## About this exercise
Exactly as written, output each of the lines below, with no images.

## Supplied data
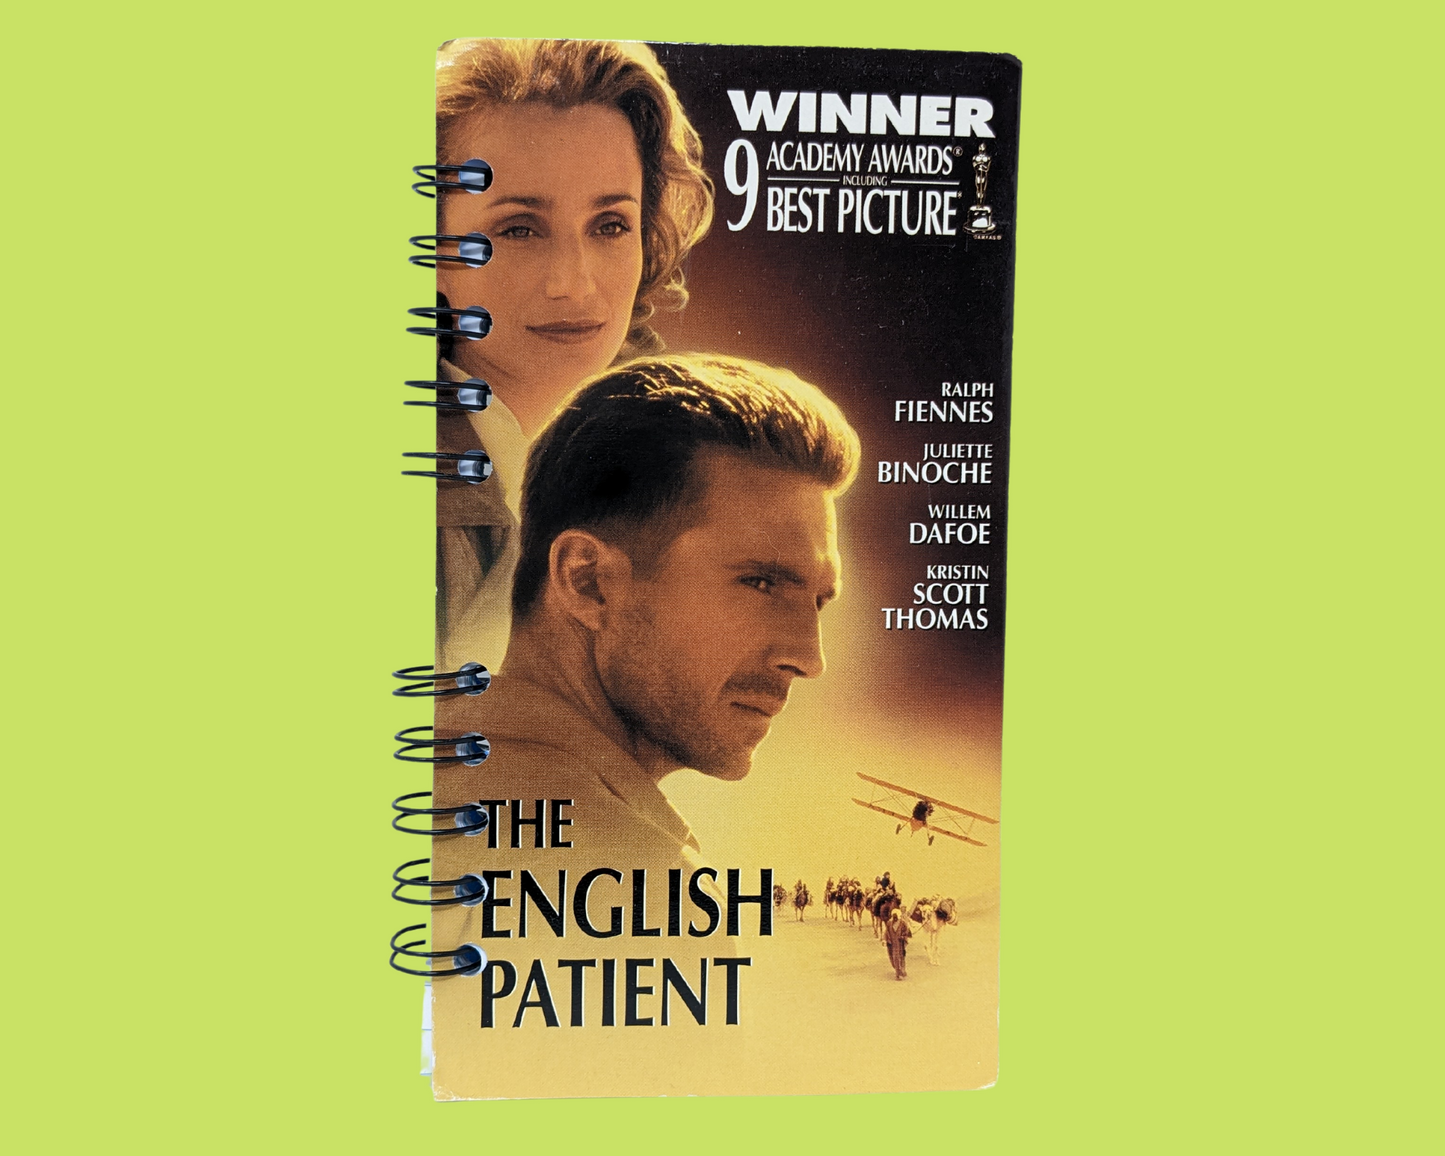 Le cahier de film VHS du patient anglais
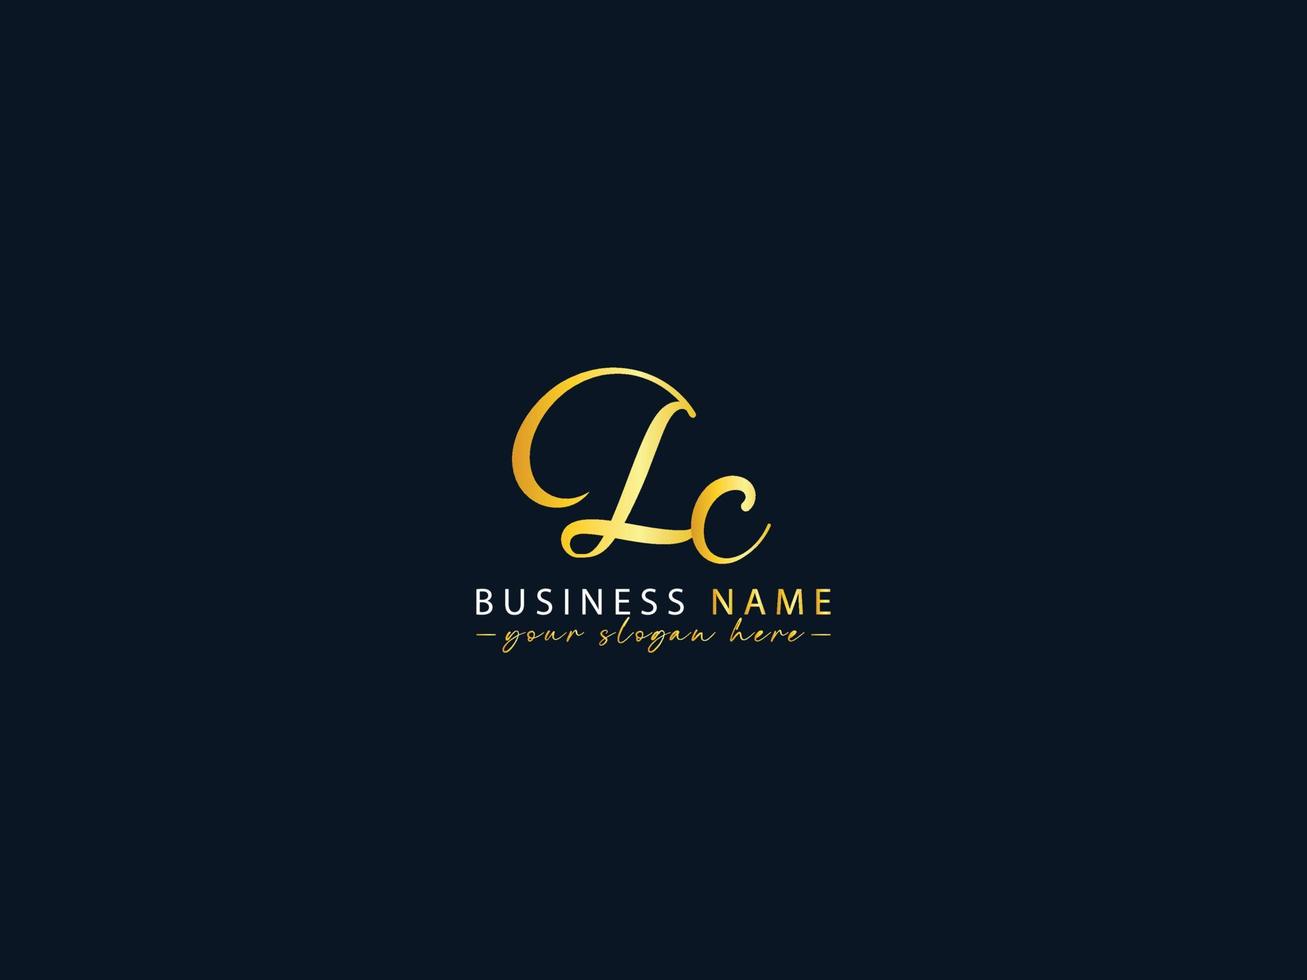 ícone colorido do logotipo lc, vetor minimalista da letra do logotipo lc
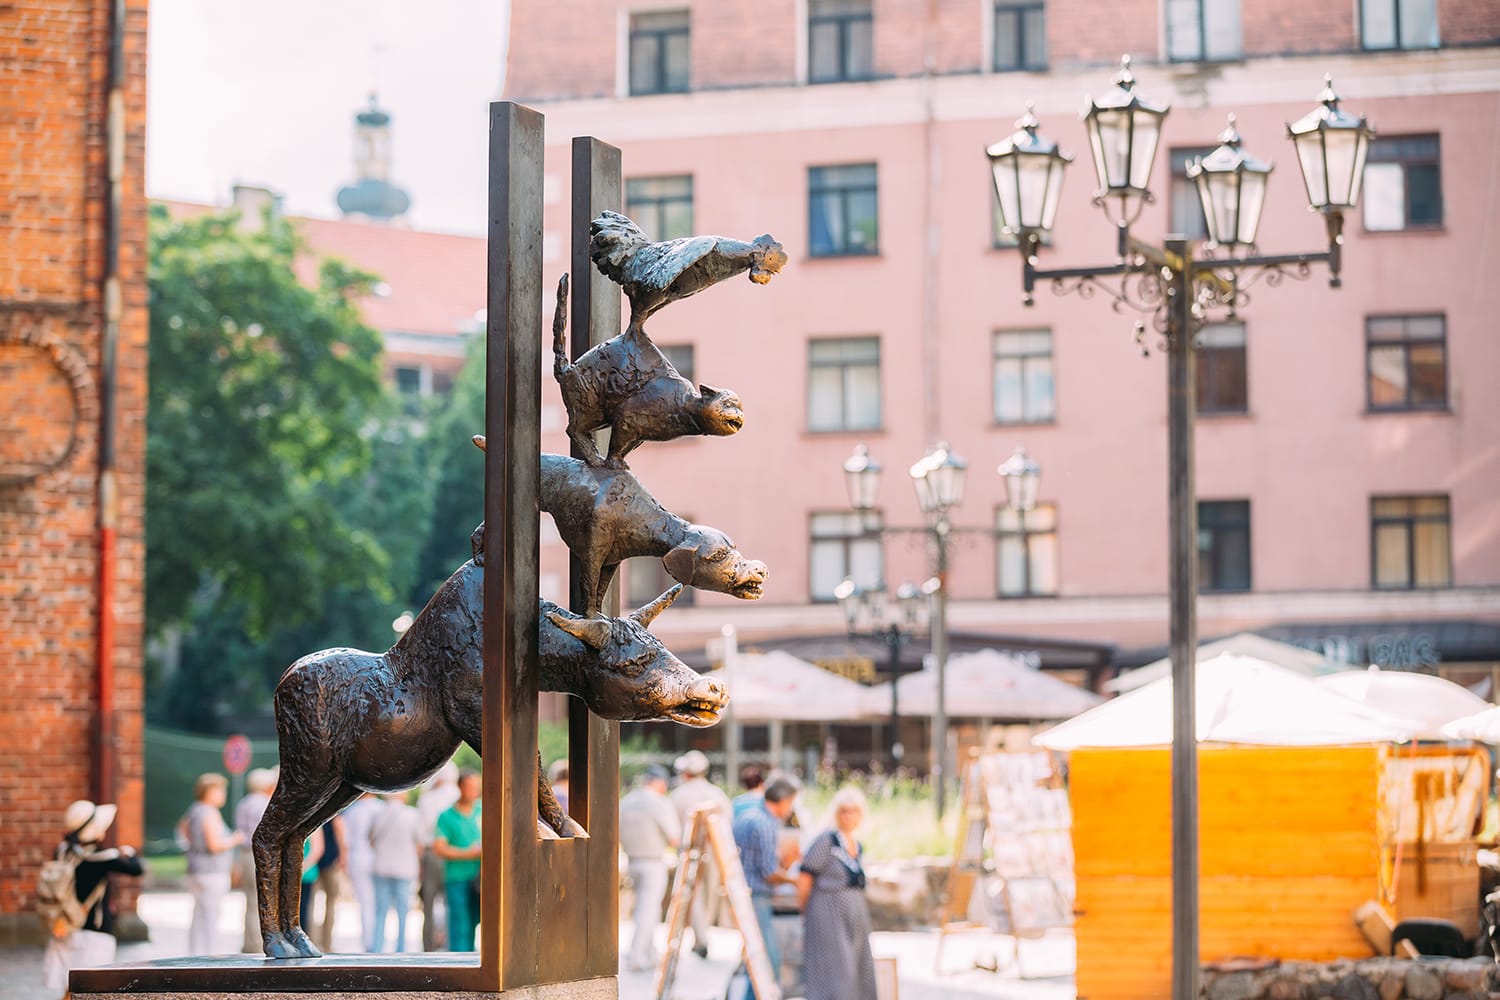 Χάλκινο άγαλμα που απεικονίζει τους μουσικούς της πόλης της Βρέμης που βρίσκεται στη Ρίγα της Λετονίας.

## Exercise answer
 Le cahier de film VHS du patient anglais
 ícone colorido do logotipo lc, vetor minimalista da letra do logotipo lc
 Χάλκινο άγαλμα που απεικονίζει τους μουσικούς της πόλης της Βρέμης που βρίσκεται στη Ρίγα της Λετονίας.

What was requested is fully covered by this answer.